2015年8月26日 星期三

bcache file system 紀錄

今天又逛了一下linux maillist 發現了一篇還蠻有趣的發言,筆記一下看看未來的發展。
是一篇關於一個新的檔案系統,可能是作者(曾經在Google服務過)發的文。
內容提到bcachefs就他文中描述,bcahefs 的效能以及可靠度可以跟ext4, xfs 相提並論又有btrfs/zfs的特性,之後有時間應該要去了解一下這個檔案系統。

回到主題
bcachefs is a modern COW(copy-on-write?) filesystem with checksumming, compression, multiple devices, caching,
and eventually snapshots and all kinds of other nifty features.


再來直接看看發文者對bcachefs的特性描述如下

FEATURES:
 - multiple devices
   (replication is like 80% done, but the recovery code still needs to be
   finished).

 - caching/tiering (naturally)
   you can format multiple devices at the same time with bcacheadm, and assign
   them to different tiers - right now only two tiers are supported, tier 0
   (default) is the fast tier and tier 1 is the slow tier.
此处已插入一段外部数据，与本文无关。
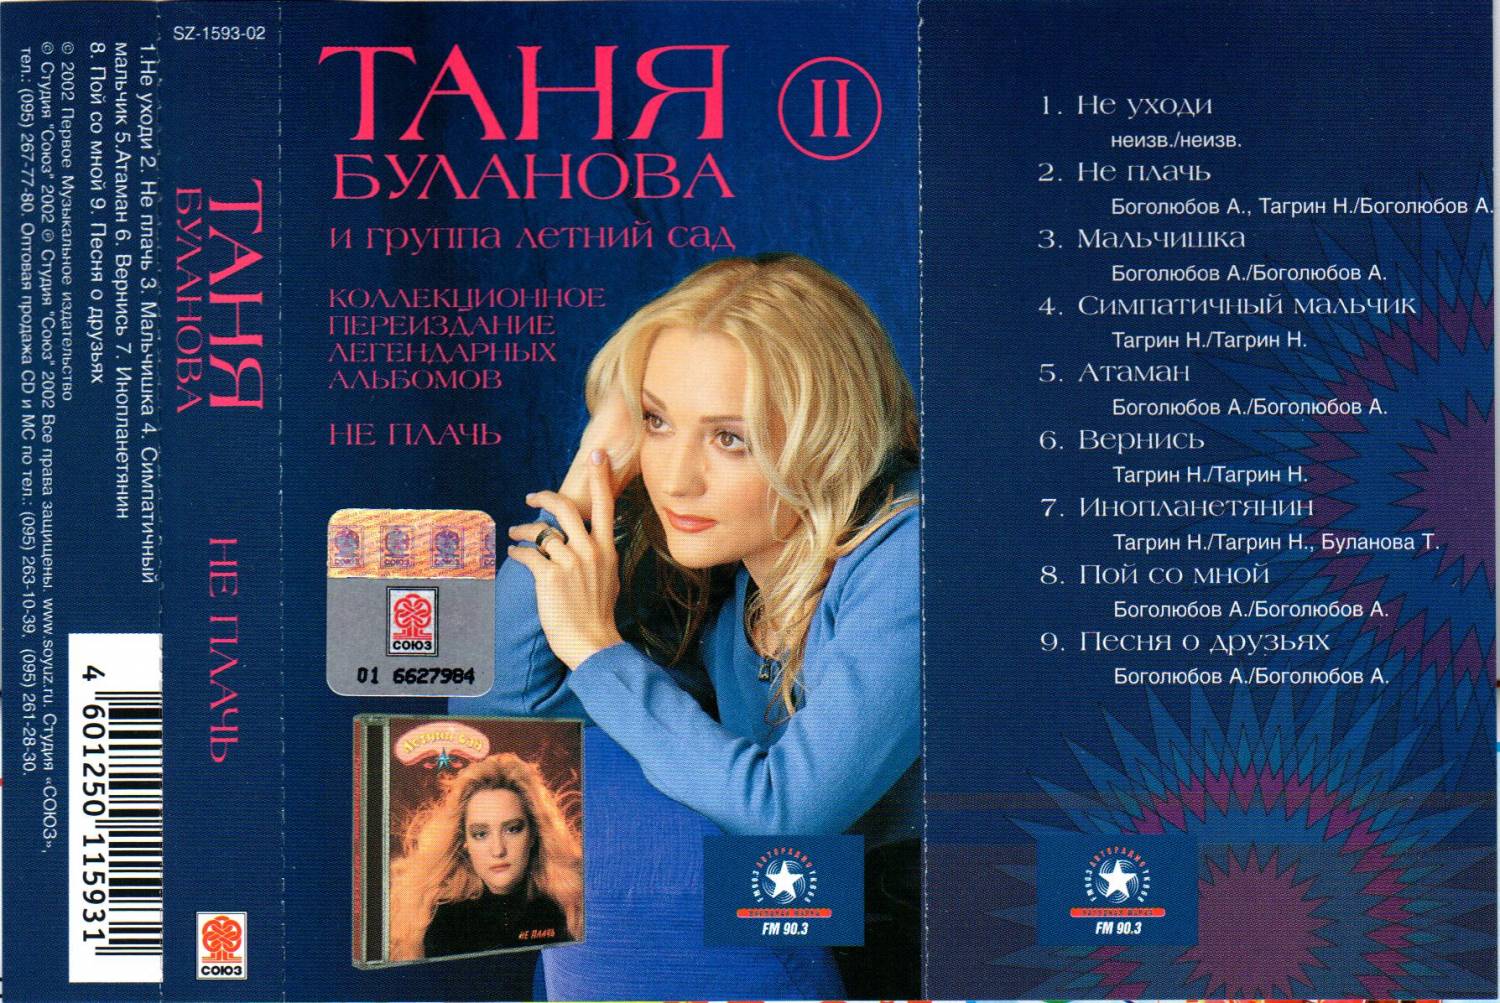 Песни буланова на телефон. Летний сад Буланова кассета. Таня Буланова 1991. Аудиокассеты Таня Буланова 2001. Буланова 2002.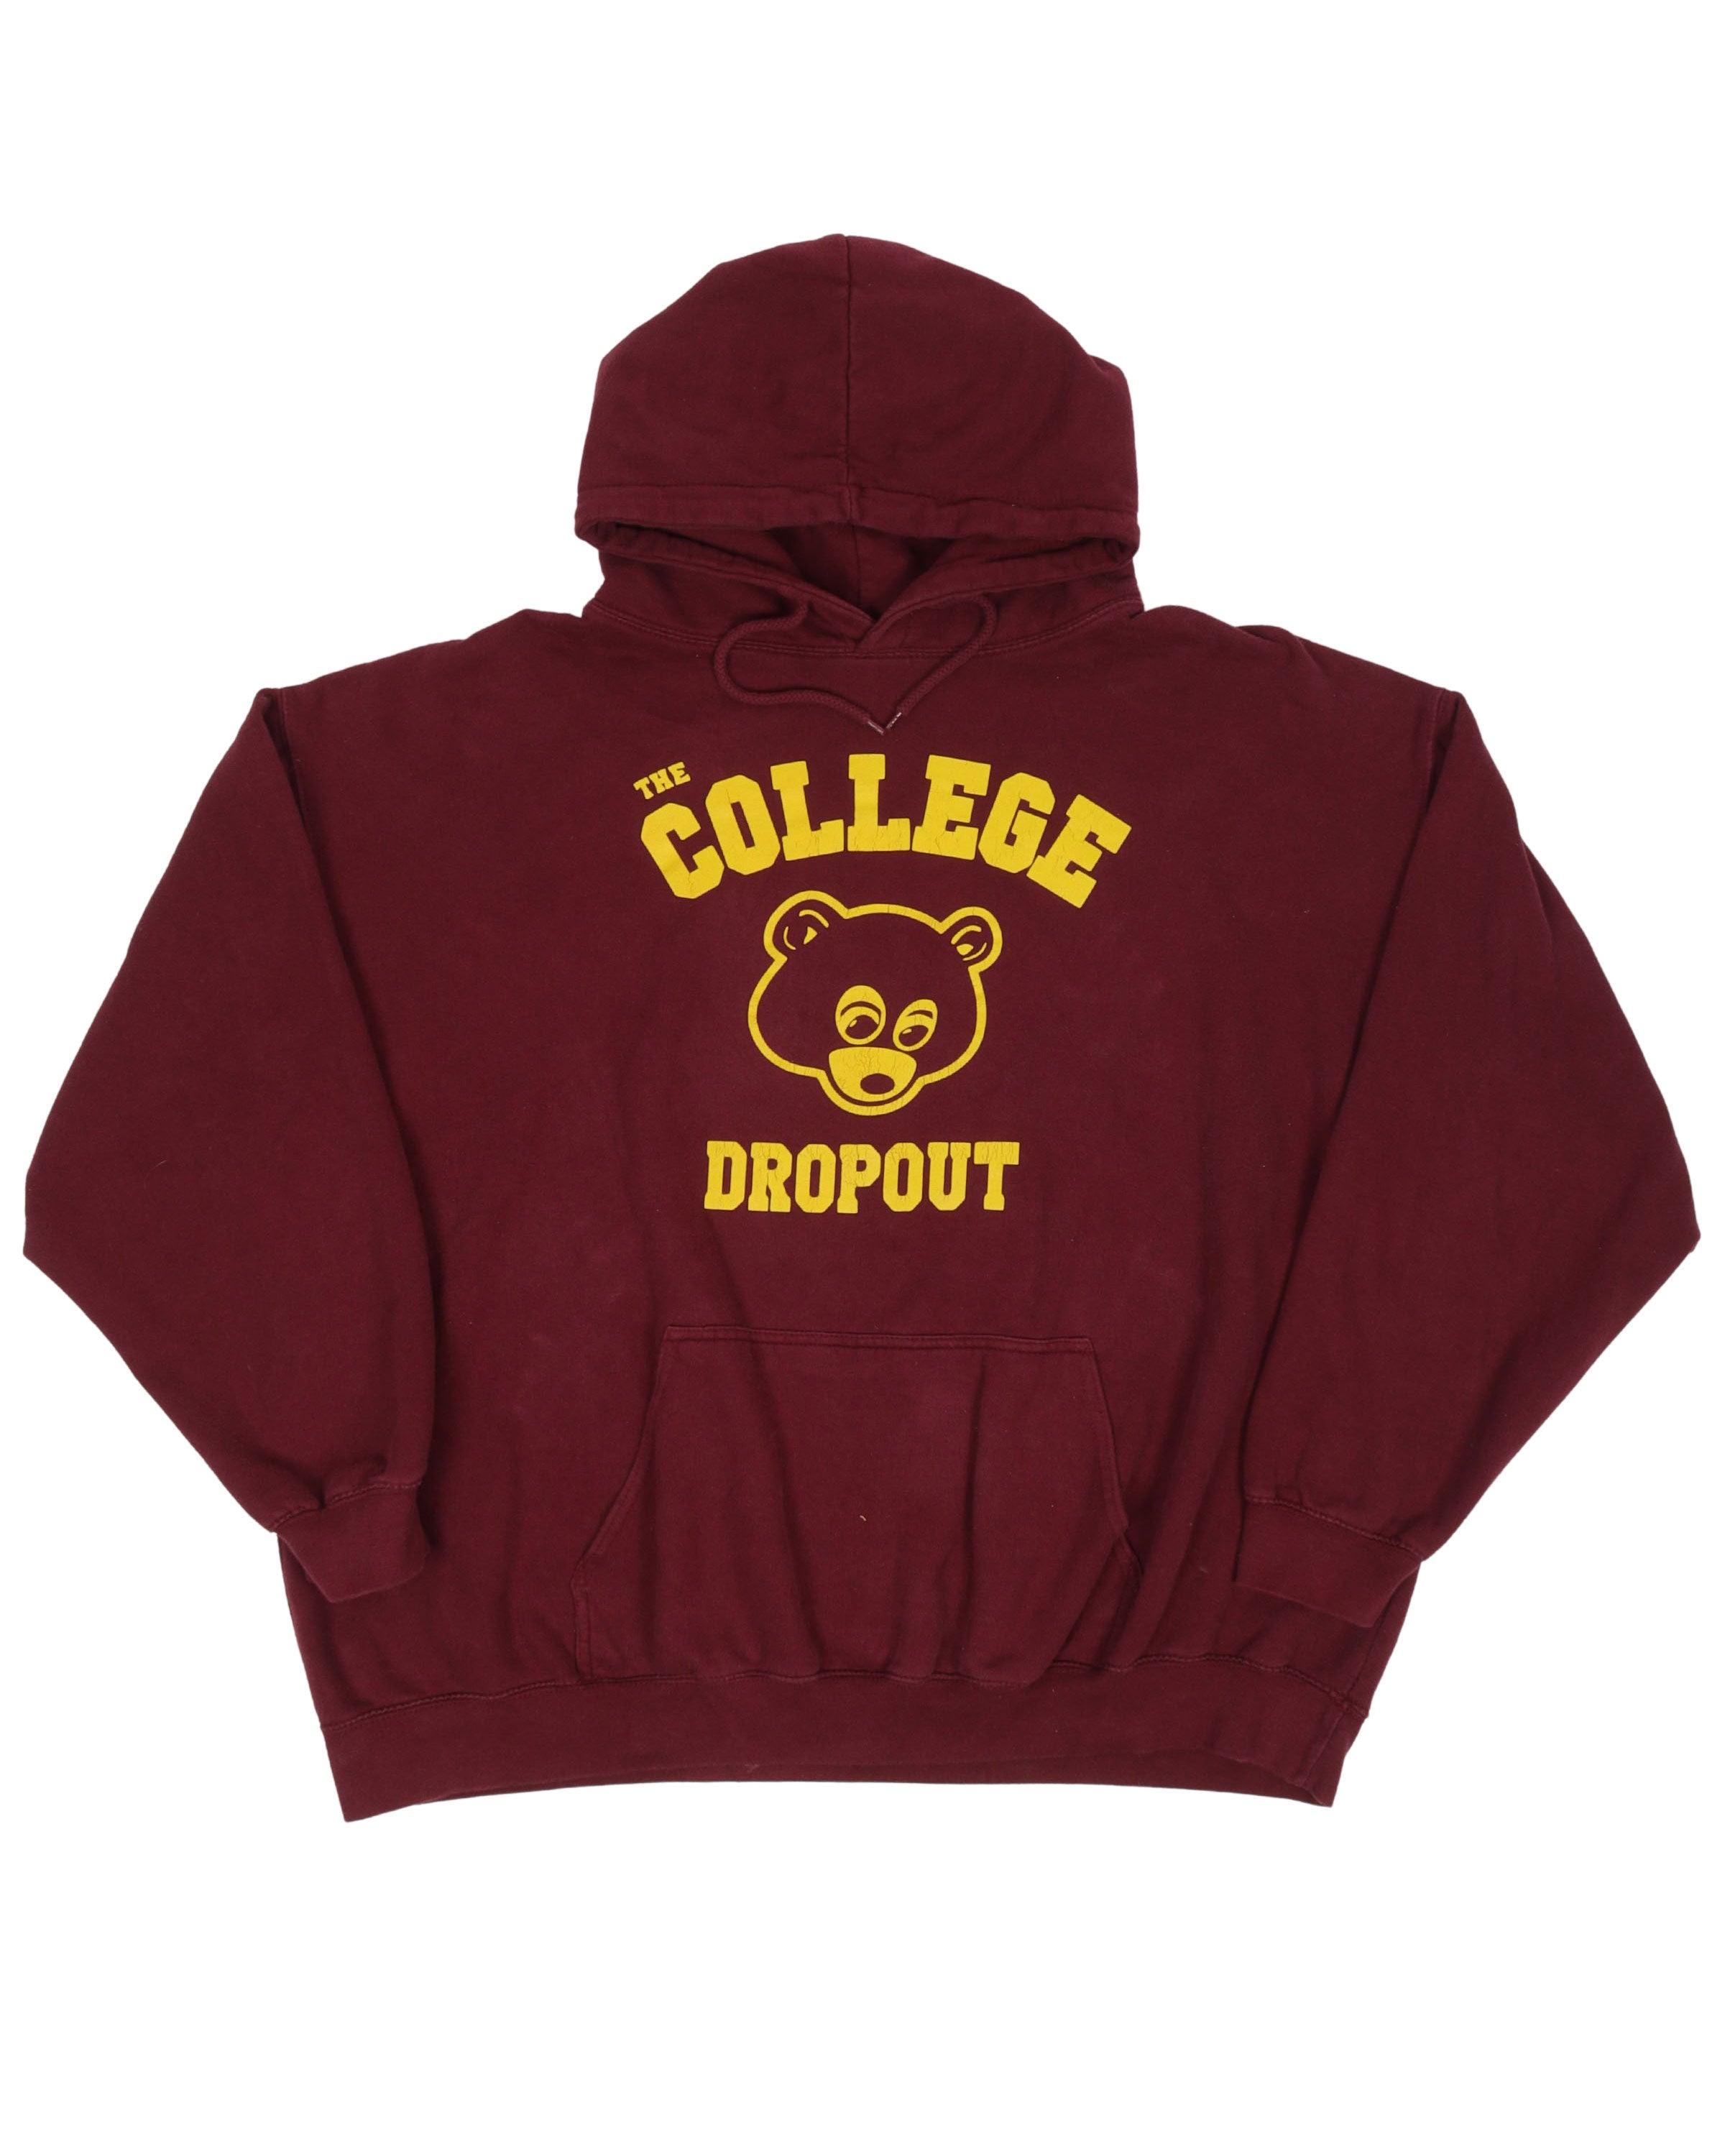 Vintage College Dropout Hoodie

It'll effectively do
   writeback caching between tiers.

 - checksumming, compression: currently only zlib is supported for compression,
   and for checksumming there's crc32c and a 64 bit checksum. There's mount
   options for them:
   # mount -o data_checksum=crc32c,compression=gzip

   Caveat: don't try to use tiering and checksumming or compression at the same
   time yet, the read path needs to be reworked to handle both at the same time.

PLANNED FEATURES:
 - snapshots (might start on this soon)
 - erasure coding
 - native support for SMR drives, raw flash


發文者對此檔案系統也作了一些效能測試,使用的是dbench,高端的pcie flash device

Here's some dbench numbers, running on a high end pcie flash device:

1 thread, O_SYNC:       Throughput              Max latency
bcache:                 225.812 MB/sec          18.103 ms
ext4:                   454.546 MB/sec          6.288 ms
xfs:                    268.81 MB/sec           1.094 ms
btrfs:                  271.065 MB/sec          74.266 ms

20 threads, O_SYNC:     Throughput              Max latency
bcache:                 1050.03 MB/sec          6.614 ms
ext4:                   2867.16 MB/sec          4.128 ms
xfs:                    3051.55 MB/sec          10.004 ms
btrfs:                  665.995 MB/sec          1640.045 ms

60 threads, O_SYNC:     Throughput              Max latency
bcache:                 2143.45 MB/sec          15.315 ms
ext4:                   2944.02 MB/sec          9.547 ms
xfs:                    2862.54 MB/sec          14.323 ms
btrfs:                  501.248 MB/sec          8470.539 ms

1 thread:               Throughput              Max latency
bcache:                 992.008 MB/sec          2.379 ms
ext4:                   974.282 MB/sec          0.527 ms
xfs:                    715.219 MB/sec          0.527 ms
btrfs:                  647.825 MB/sec          108.983 ms

20 threads:             Throughput              Max latency
bcache:                 3270.8 MB/sec           16.075 ms
ext4:                   4879.15 MB/sec          11.098 ms
xfs:                    4904.26 MB/sec          20.290 ms
btrfs:                  647.232 MB/sec          2679.483 ms

60 threads:             Throughput              Max latency
bcache:                 4644.24 MB/sec          130.980 ms
ext4:                   4405.16 MB/sec          69.741 ms
xfs:                    4413.93 MB/sec          131.194 ms
btrfs:                  803.926 MB/sec          12367.850 ms



文中提到幾項自己有興趣的部分,
"Where'd that 20% of my space go?" - you'll notice the capacity shown by df is
lower than what it should be. Allocation in bcachefs (like in upstream bcache)
is done in terms of buckets, with copygc required if no buckets are empty, hence
we need copygc and a copygc reserve (much like the way SSD FTLs work).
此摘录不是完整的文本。